By Stephen D. Simpson, CFA
Such is the state of business for companies that supply equipment to carriers like Verizon (NYSE:VZ) like AT&T (NYSE:T) that not missing numbers is greeted with the enthusiasm usually reserved for beat-and-raise stories. Certainly these are challenging times for last-mile equipment vendor Adtran (NASDAQ:ADTN), but increased home and business demand for broadband and ongoing wireless backhaul buildout could spell better times ahead.
Q4 Results - Good Enough Will Do
Adtran's results weren't great, but the performance at other carrier equipment vendors like Alcatel-Lucent (ALU) and Acme Packet (NASDAQ:APKT) wouldn't give any reason to expect them to be so. Nevertheless, a sequential revenue drop of 9% (and a 6% gain from last year) was good enough to meet expectations.
Adtran saw year-on-year growth in both broadband access (up 49%) and internetworking (up 37%), but sequential comparisons were not so exciting (down almost 15% and up about 2%, respectively). Optical access was outright bad, though, as sales dropped 17% from last year and 25% from the third quarter.
Margin preservation is proving to be quite challenging, as operating leverage cuts both ways. Gross margin contracted 40 basis points sequentially, while operating income fell more than three full points on a 20% sequential drop in operating income.

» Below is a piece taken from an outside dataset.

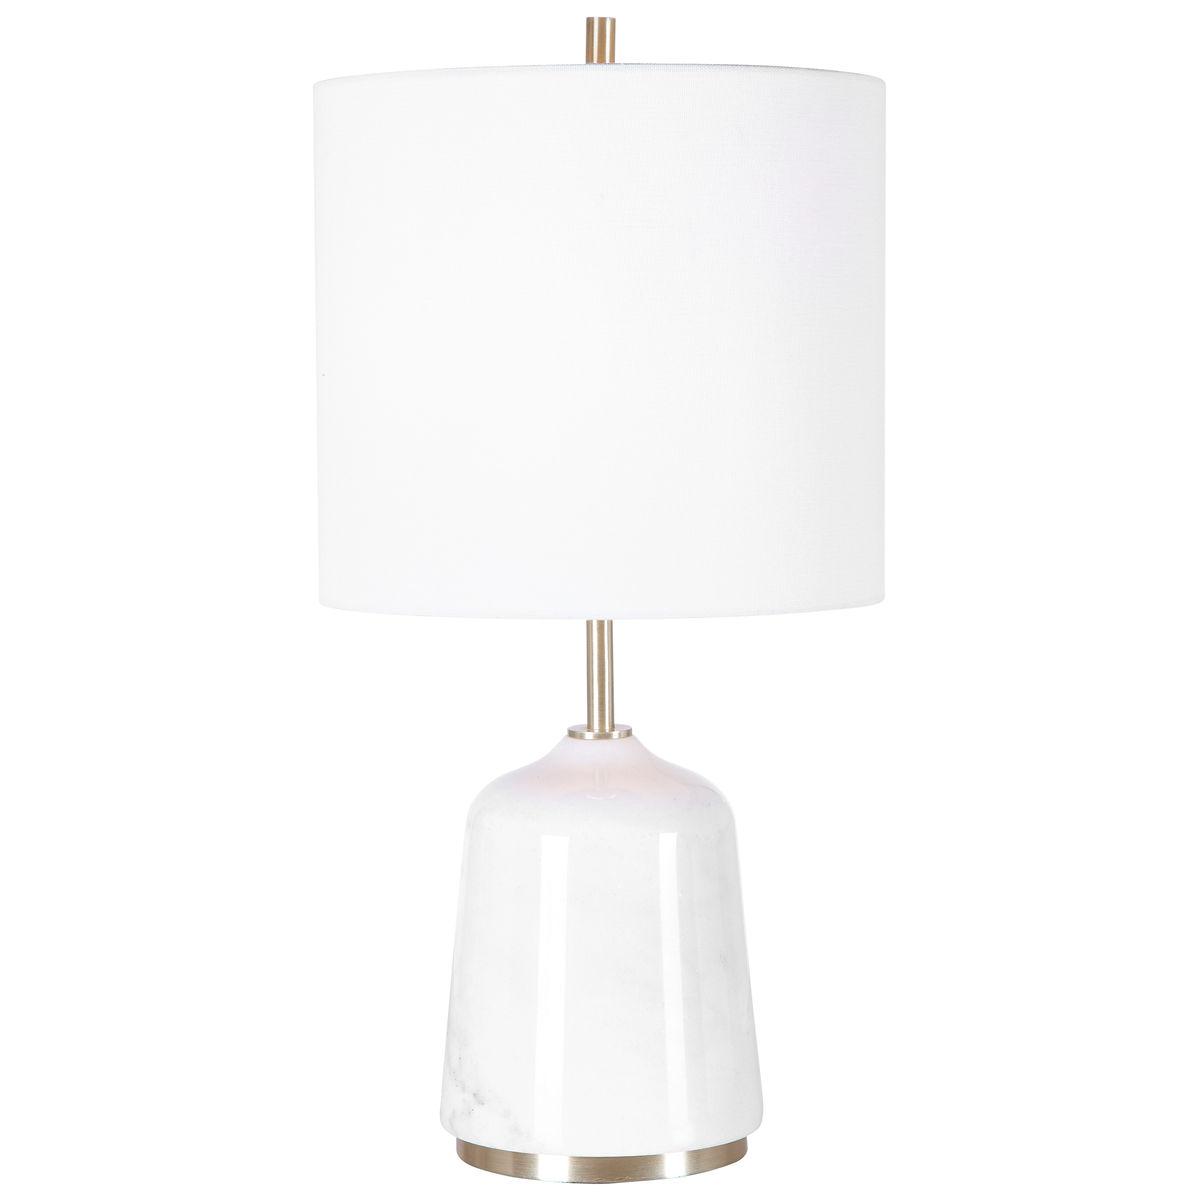 Uttermost Eloise White Marble Table Lamp

Waiting For Carriers To Pick Up
It's clear that major carriers like Verizon and AT&T have cut back on their capital spending, and analysts and Adtran longs are all hoping this reverses relatively early in 2012. In the case of AT&T, which has been a sizable Adtran customer in the past, the dissolution of the merger with T-Mobile should be a positive once the dust settles. In the meantime, though, Adtran has to prove it can hold and build the business it has built with the likes of CenturyLink (NYSE:CTL) and Frontier (NYSE:FTR), while also hoping that Congress doesn't completely kill ongoing funding support for broadband upgrades.
Is Nokia-Siemens A Boon Or Bane?
Adtran has had its challenges in penetrating markets outside the U.S. While Adtran does well enough against companies like Alcatel, Cisco (NASDAQ:CSCO), Ericsson (NASDAQ:ERIC) and Calix (NYSE:CALX) in the U.S, it has had a harder time competing overseas. Given the growth potential in overseas broadband, not to mention the emergence of Huawei as a player in the U.S. equipment market, this is no minor issue.
Adtran recently announced a deal to acquire Nokia Siemens' broadband access business for an "undisclosed" amount believed to be $20 million or less. Given expectations of upwards of $140 million in revenue from this business, it seems like a bargain and a great way for Adtran to expand its overseas operations. The problem, though, is that Nokia Siemens has been struggling (and under-investing) for years now, and there is the not-inconsiderable risk that Adtran is going to bog itself down trying to resuscitate a dying goldfish.
The Bottom Line
Apparent bargains in tech hardware are always a reason to pause and re-consider. More often than not, success in tech hardware investing is about "buying high, selling even higher" with high-growth, high-multiple stories like F5 (NASDAQ:FFIV) as opposed to finding value-priced plays.
In the case of Adtran, these shares at least worth a second look. This company is something of a back-door play on both the growth of IP demand (especially from video) and wireless backhaul during the 4G build-out. Although Europe (and the Nokia Siemens deal) is definitely a challenge that has to go the right way, the company should be in place to benefit from a "when, not if" spending recovery from the major carriers.
Even with a fairly modest forward estimate of roughly 7% free cash flow growth over the next decade, Adtran looks cheap enough to consider. I wish the stock were a little less popular with analysts, but the combination of good returns on capital, strong free cash flow conversion, and solid product opportunities are worth a closer look.
Disclosure: I have no positions in any stocks mentioned, and no plans to initiate any positions within the next 72 hours.